Вагон был плацкартный. Денис обходил напоследок отсеки, проверяя, не забыто ли что-нибудь второпях. Ева старалась не смотреть в его сторону – боялась, что смятение, которым охвачена ее душа, станет очевидным при взгляде на него и все поймут причину ее смятения. До сих пор она объясняла свое молчание – например, любопытной Галочке – тем, что с непривычки устала в походе.
Отец подал руку, помогая Еве перепрыгнуть через широкий промежуток между перроном и ступеньками вагона. Денис выходил последним. Прислушиваясь к его голосу в тамбуре у себя за спиной, Ева почти не оперлась об отцовскую руку, спрыгнула со ступенек сама.
– Ловкая какая стала, – улыбнулся отец, забирая у нее рюкзак. – Ну, дай поцелую тебя, путешественница.
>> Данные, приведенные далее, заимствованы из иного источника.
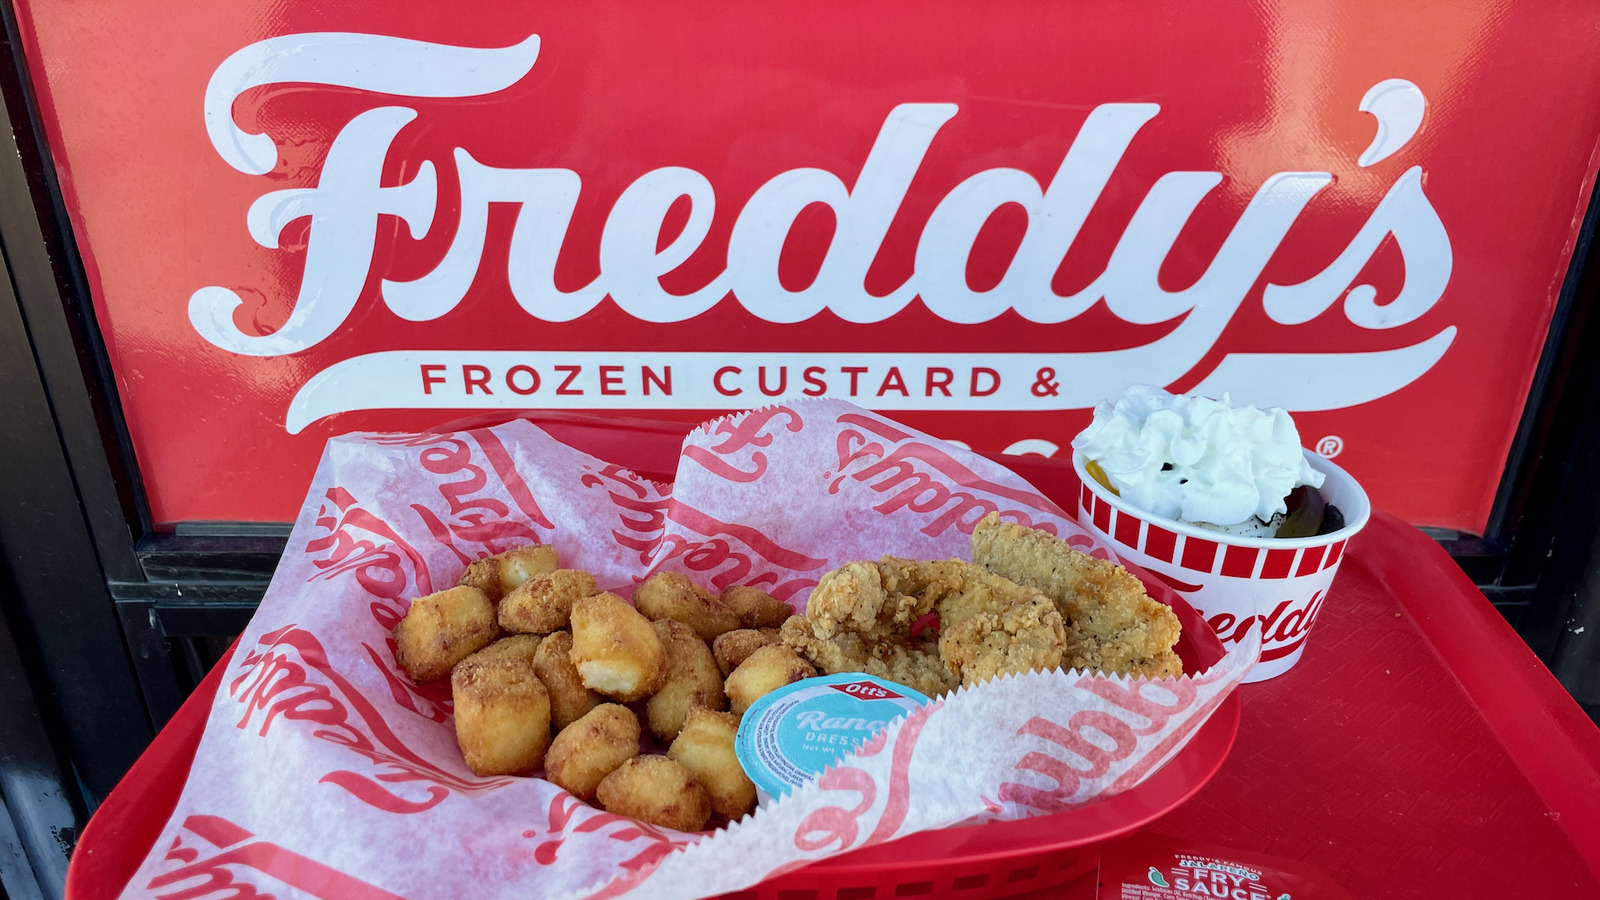  Freddy's Frozen Custard & Steakburgers, Freddy's Famous Steakburger  & Fry Seasoning

И загорела даже, смотри-ка! А вчера по телевизору сказали, что снег пошел в Крыму. Мама, конечно, разволновалась сразу. Как отдохнули?
Это он спросил, уже обращаясь ко всем, и Ева обрадовалась тому, что Денис сам ответил на вопрос ее отца.
– Отлично, – сказал он, спрыгивая наконец с подножки; глаза его светились веселым воодушевлением. – Именно что отдохнули! – Он посмотрел на Валентина Юрьевича с явной приязнью. – А то все вон, смотрите, так встречают, как будто мы из космоса возвращаемся!
Родители, столпившиеся на перроне, и в самом деле встречали своих чад с неумеренным энтузиазмом. Слышались громкие возгласы – отчасти бессвязные, отчасти состоящие из слов: «Боже, как похудел! А грязный какой!» Возмущенные чада что-то басили в ответ, отбиваясь от родительских поцелуев.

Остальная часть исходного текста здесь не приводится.